The main points raised in the petition by the Madras Bar Association are: The Ordinance fixes a minimum age limit of 50 years for appointment as Tribunal Members; it fixes their term as 4 years as against the 5 required by the SC; it has re-introduced the idea of a panel of two names being recommended by the Search Cum Selection Committee (SCSC); it dilutes the SC direction in the 2020 judgment by saying that the Central Government should make appointments "preferably within 3 months"; etc.

Attorney General for India K. K. Venugopal on Wednesday told the Supreme Court that issues of the appointment of members of tribunals including the tenure, the age of retirement and the conditions of service including housing allowance have to be left to the wisdom of the Executive and the Legislature.

Appearing before the bench of Justices L. Nageswara Rao, Hemant Gupta and Ravindra Bhat, the AG raised a preliminary objection regarding the scope of judicial review in the present issue, which he said, are policy decisions. He urged that what should be the tenure of the chairperson or member of the tribunal or the age of retirement or the terms and conditions of service are exclusively within the competence of the Legislature and the Executive. "If that is accepted, then none of these objections raised would stand", he said.

"The policy decision of the Executive and Parliament should bind the court. It is beyond the jurisdiction of the superior courts to sit in review of these decisions. The Constitution of India provides for separation of powers in the three organs of State, namely, the Legislature and the Executive government on the one side and the Judiciary on the other side. Just as the Legislature and the Executive cannot trench upon the jurisdiction of the Judiciary, it is not within the competence of the Judiciary to trench upon the powers of the Legislature or the Executive", submitted the AG

It was his case that by reason of the doctrine of the separation of powers, the decision of the Legislature and the Executive is not open to judicial review until there is a violation of fundamental rights or any specific provision of the Constitution or if the law is beyond the legislative competence of that legislature. "Each of the branches of State shall be whole and independent of each other. There will be coextensive rights and power. It is not that the Judiciary is above the other branches", he said.

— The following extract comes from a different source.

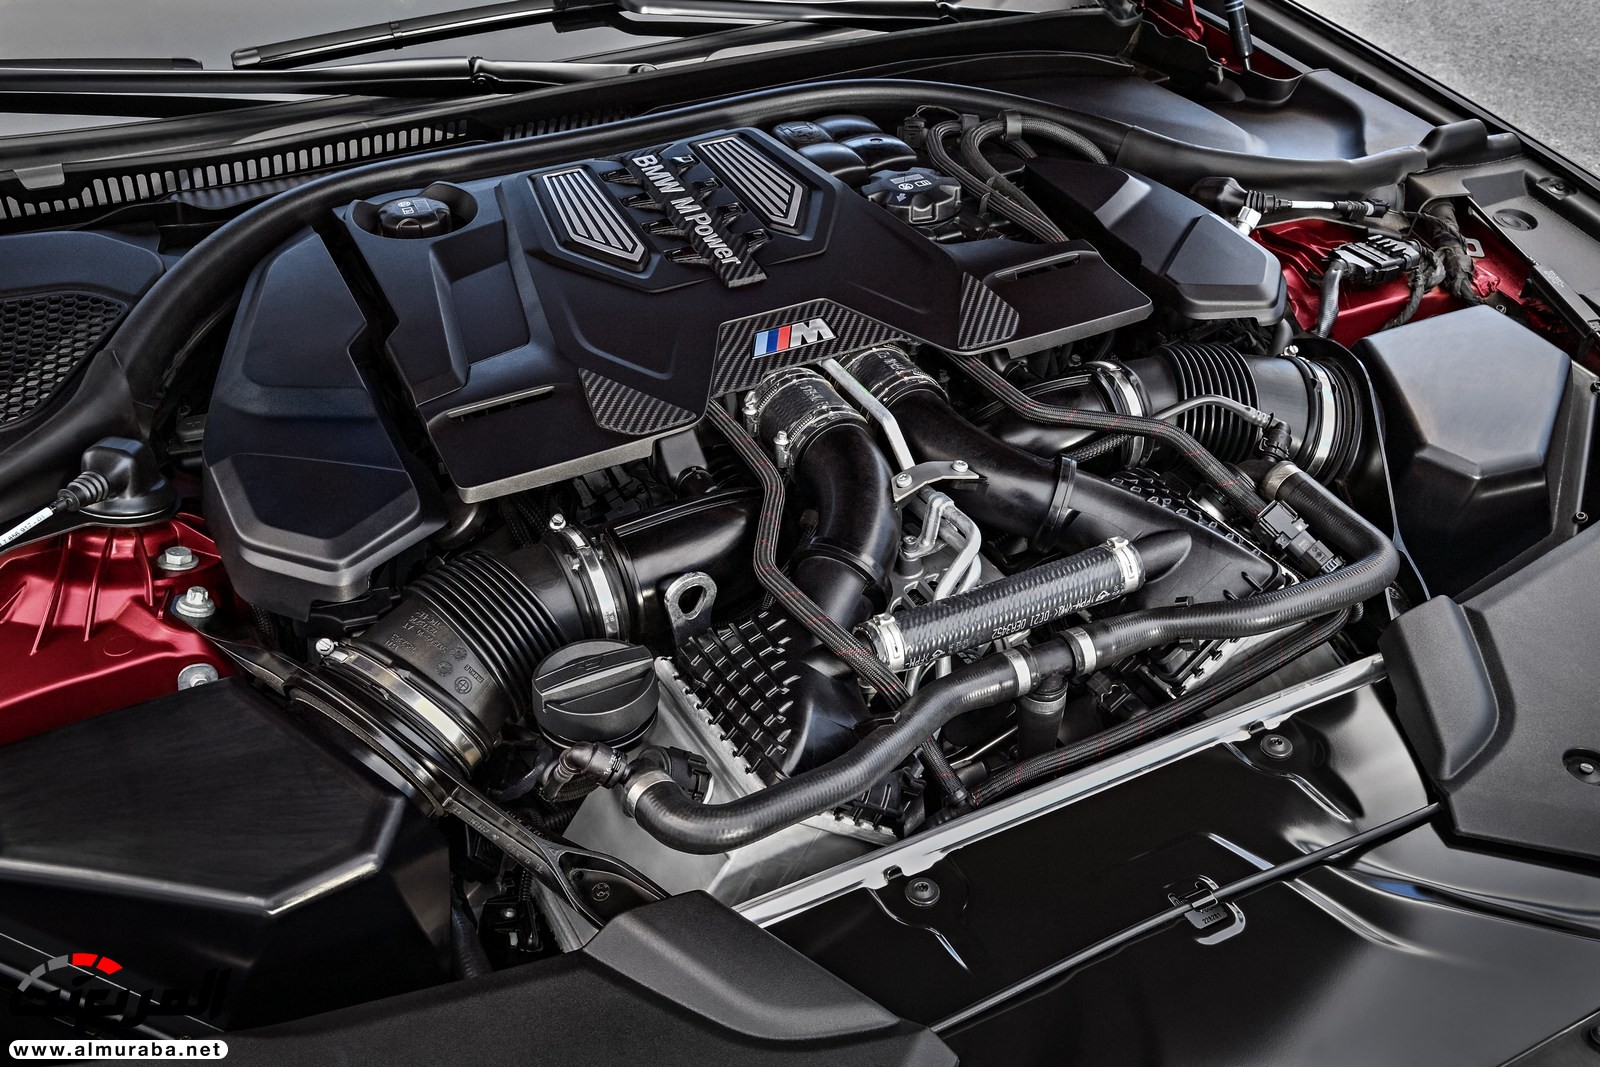 بي ام دبليو M5 2018 تكشف نفسها رسمياً بقوة ٦٠٠ حصان "صور ومواصفات" BMW 49

'Executive Is as much an interpreter of Constitution as Judiciary; Policy decisions are collective process of 500 members unlike judgments of 2/3/5 judge-benches'- AG

"Without pointing out how and why independence of the judiciary is violated (by the impugned Ordinance), vague and general criteria cannot be relied upon. Legislation is broadly the Parliament's jurisdiction, and so is the Ordinance of the Executive, which is also the power of the lawmaking. It is not competent for the court to violate the doctrine of separation of powers to compel the Legislature or Executive to make a particular Ordinance or law", he pressed.

Addressing the contentions raised by the Madras Bar Association, the AG insisted that there is no question of removing the foundation or basis of the judgements of the Supreme Court in framing the Ordinance, as the series of judgments are not based on any existing law- "A question of erasing the basis or foundation of a judgement would not arise unless the court has actually held that the tenure has to be five years. No question of validating the law would arise as it is the exclusive domain of the Legislature and the Executive as to what should be the tenure"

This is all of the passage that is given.